As KyranF described, the task of your external circuitry is to ensure that the sampling capacitor CS/H gets charged to a voltage that's within some percentage of the input voltage, within the sampling time. The charging process is slowed by the resistance of your voltage source, and by the resistance of the circuitry between the ADCn pin and the sampling capacitor, here shown as "1..100 kΩ".

(That "1..100 kΩ" is a vast range, and I would be interested what the range actually is in practice.)

Not shown in the diagram are additional small capacitances associated with the multiplexer. And RAIN is also omitted, as it's insignificant compared to IIH and IIL (max 1μA).

The recommendation that your voltage source be less than 10 kΩ is essentially saying that we don't want the source resistance to slow the charging of CSH (and any other capacitances) significantly compared to the already present resistance, and relative to the sampling time. (However, the "1..100 kΩ" doesn't back that up very rigorously.)

Looking at this from another point of view, the supposed "100 MΩ" input resistance of ADCn pins is not the whole story. RAIN is parallel with IIH and IIL , which, when selected is also parallel with the "1..100 kΩ in series with 14 pF" load.

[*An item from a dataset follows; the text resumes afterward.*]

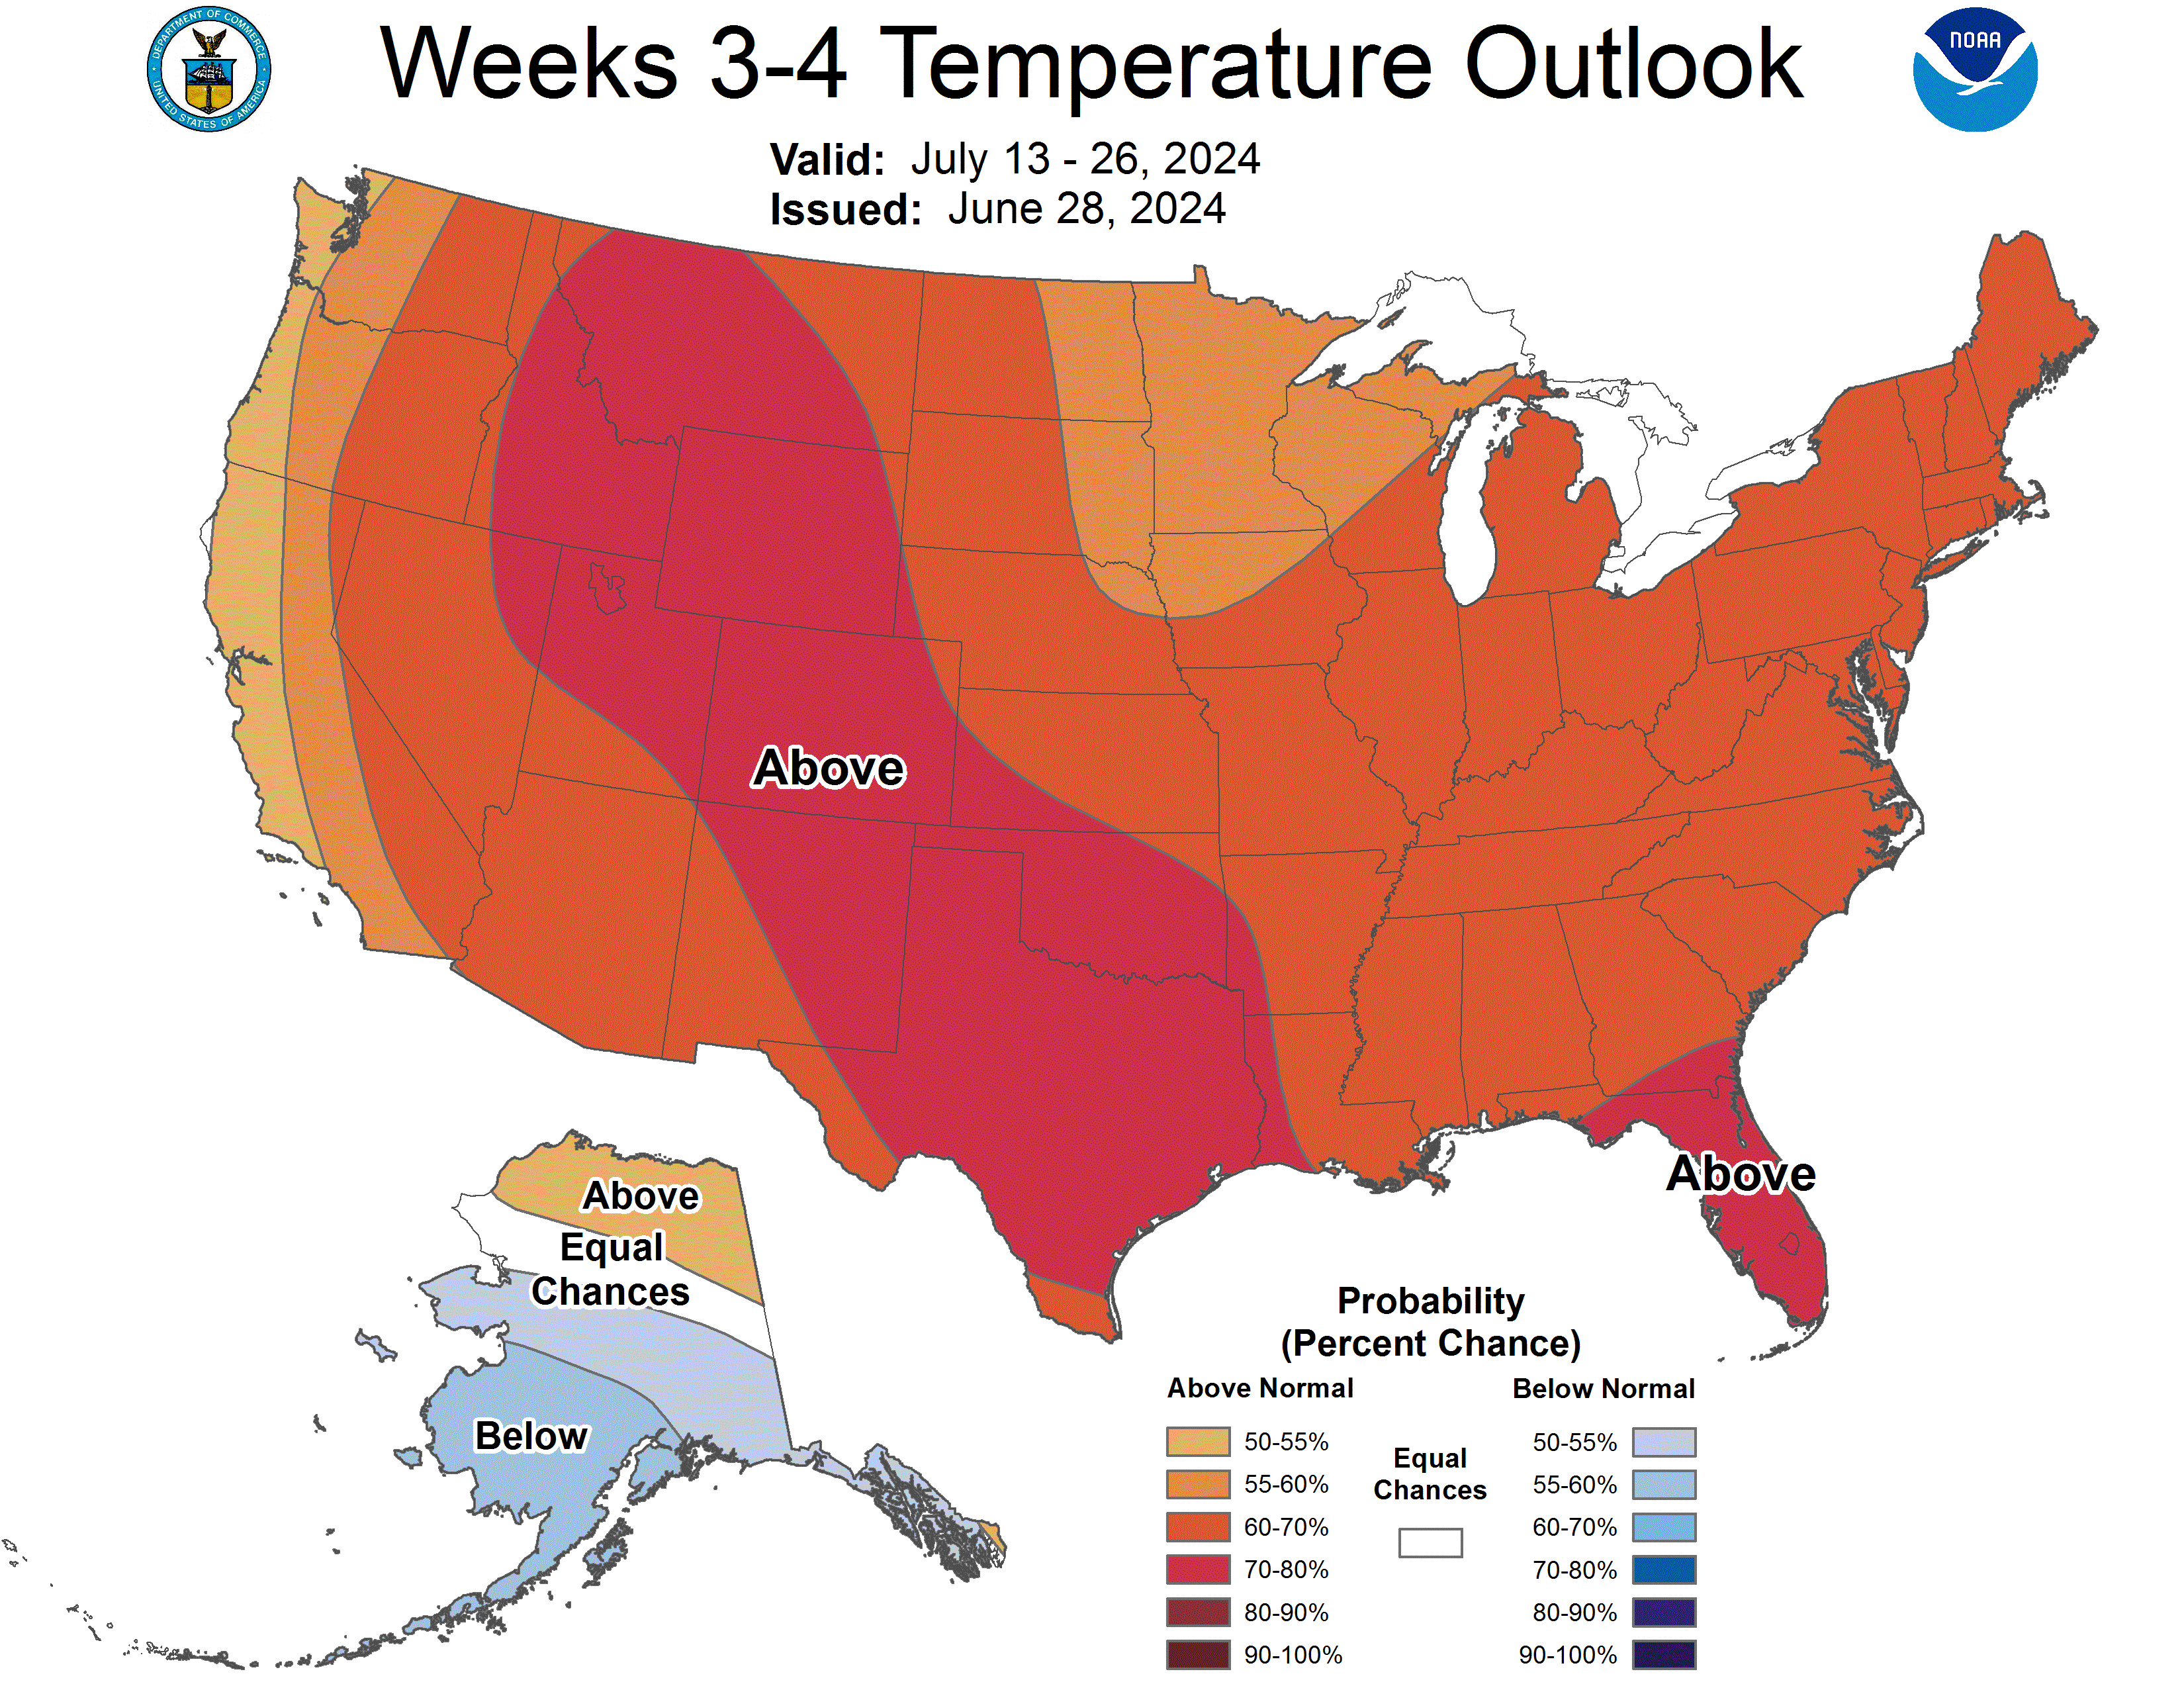 3 - 4 Week Temperature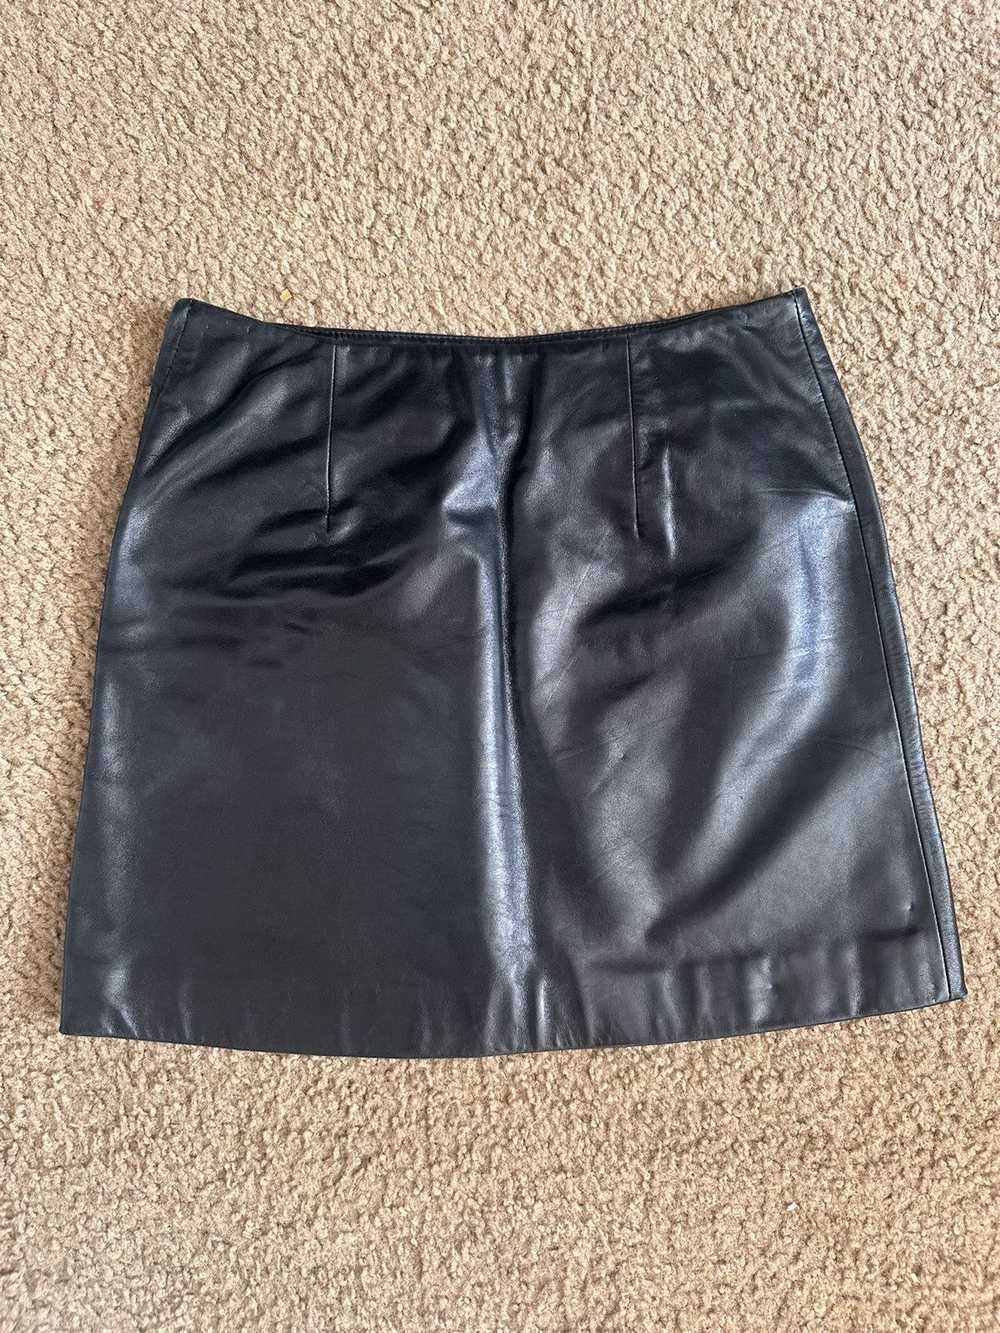 Guess Vintage 90’s Guess Black mini skirt - image 3

In the sense that the 100 MΩ || IIH || IIL represent the entirety of the DC characteristics, it is legitimate, but it's not the relevant part of the load for our design purposes. We need to design to drive the "1..100 kΩ in series with 14 pF" AC part of the load, which Atmel tells us is best done with a 10 kΩ source resistance.

(Note that in discussions the term "impedance" may or may not imply that non-resistive AC characteristics are expected, and is sometimes used where what is really meant is "resistance".)

[Edit -- cuz this turns out to be quite interesting...]

Adding some ballpark sample and hold settling times:

With R = 100 kΩ and C = 14 pF, the RC time constant (TC) is 1.4 μsec.

For ATMega, the S/H time is 1.5 cycles of the ADC clock. For a midrange ADC rate of 100 kHz, that puts the S/H time at 15 μsec. So that's a bit over 10 TC.

The voltage on a capacitor settles to within 37% of its final value in one time constant, 5% in 3 TC, 1% in 5 TC and 0.1% in 7 TC (corresponding to +/- 1 bit of 10-bits resolution).

You can see that doubling the input R to 200 kΩ, or doubling the A/D clock rate, will chew into the resolution. But a change of input R from 10 kΩ down to 1 kΩ doesn't do us much good... though it could be beneficial for external reasons, like lower sensitivity to neighboring noisy signals.

Hope that helps.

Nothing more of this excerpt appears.